Super-Earths as Failed Cores in Orbital Migration Traps

TL;DR

This paper investigates whether close-in super-Earths are failed cores of gas giants that migrated inward and were halted at specific disk regions, explaining their observed properties and distribution.

Contribution

It introduces a model of failed core formation via inward migration and identifies key disk traps influencing super-Earth formation and final orbital positions.

Findings

Some super-Earths are consistent with failed core formation.

Most formed super-Earths have masses >4 M⊕ with gaseous envelopes.

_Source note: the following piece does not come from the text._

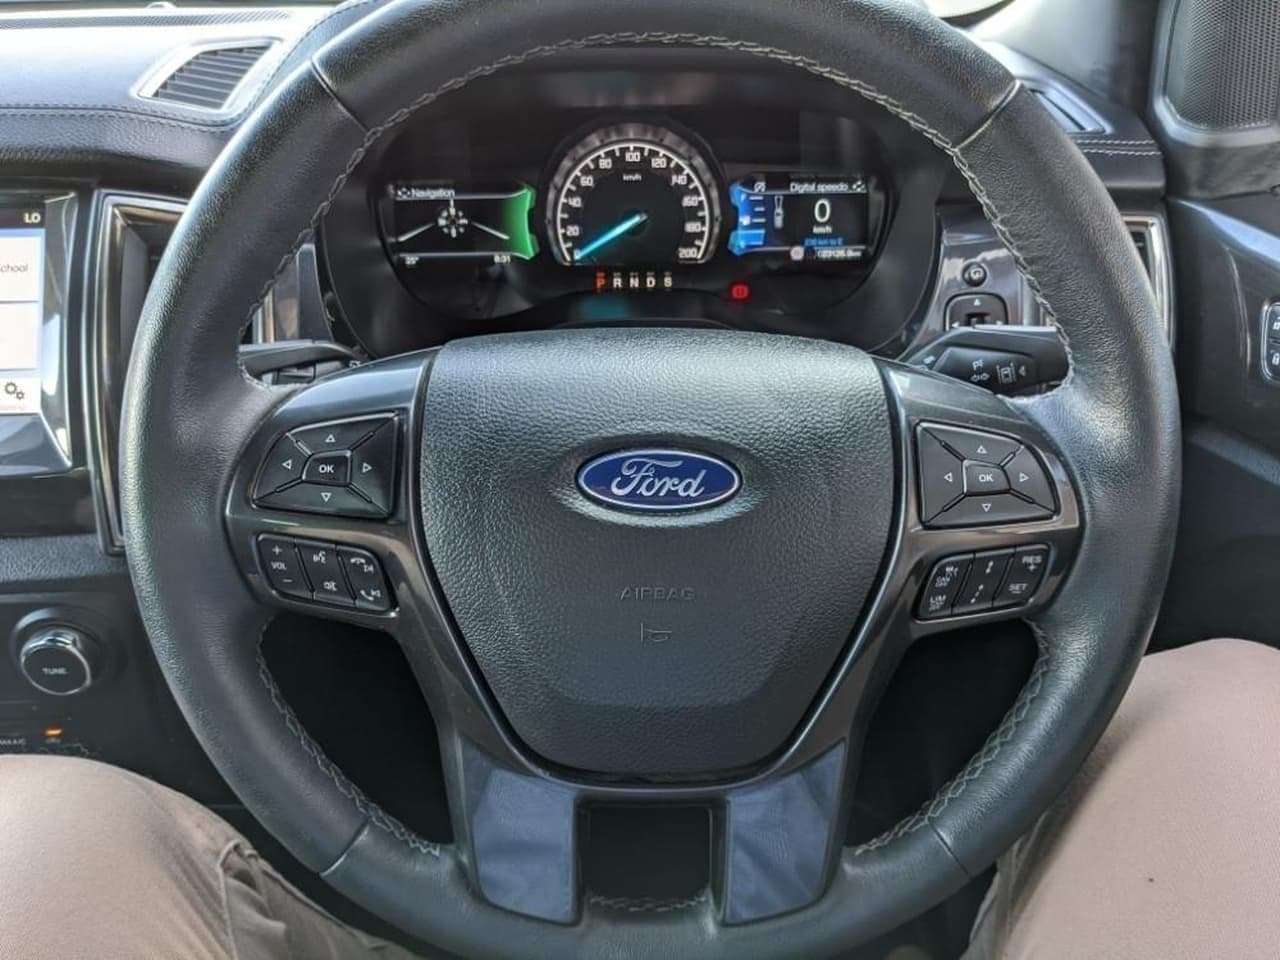 2019 Ford Everest UA II 2019.00MY TITANIUM SUV Image 14

Photoevaporation affects planets below about 6 M⊕.

Abstract

We explore whether close-in super-Earths were formed as rocky bodies that failed to grow fast enough to become the cores of gas giants before the natal protostellar disk dispersed. We model the failed cores' inward orbital migration in the low-mass or type I regime, to stopping points at distances where the tidal interaction with the protostellar disk applies zero net torque. The three kinds of migration traps considered are those due to the dead zone's outer edge, the ice line, and the transition from accretion to starlight as the disk's main heat source. As the disk disperses, the traps move toward final positions near or just outside 1~au. Planets at this location exceeding about 3~M$_\oplus$ open a gap, decouple from their host trap, and migrate inward in the high-mass or type II regime to reach the vicinity of the star. We synthesize the population of planets formed in this scenario, finding that some fraction of the observed super-Earths can be failed cores. Most super-Earths formed this way have more than 4~M$_\oplus$, so their orbits when the disk disperses are governed by type II migration. These planets have solid cores surrounded by gaseous envelopes. Their subsequent photoevaporative mass loss is most effective for masses originally below about 6 M$_\oplus$. The failed core scenario suggests a division of the observed super-Earth mass-radius diagram into five zones according to the inferred formation history.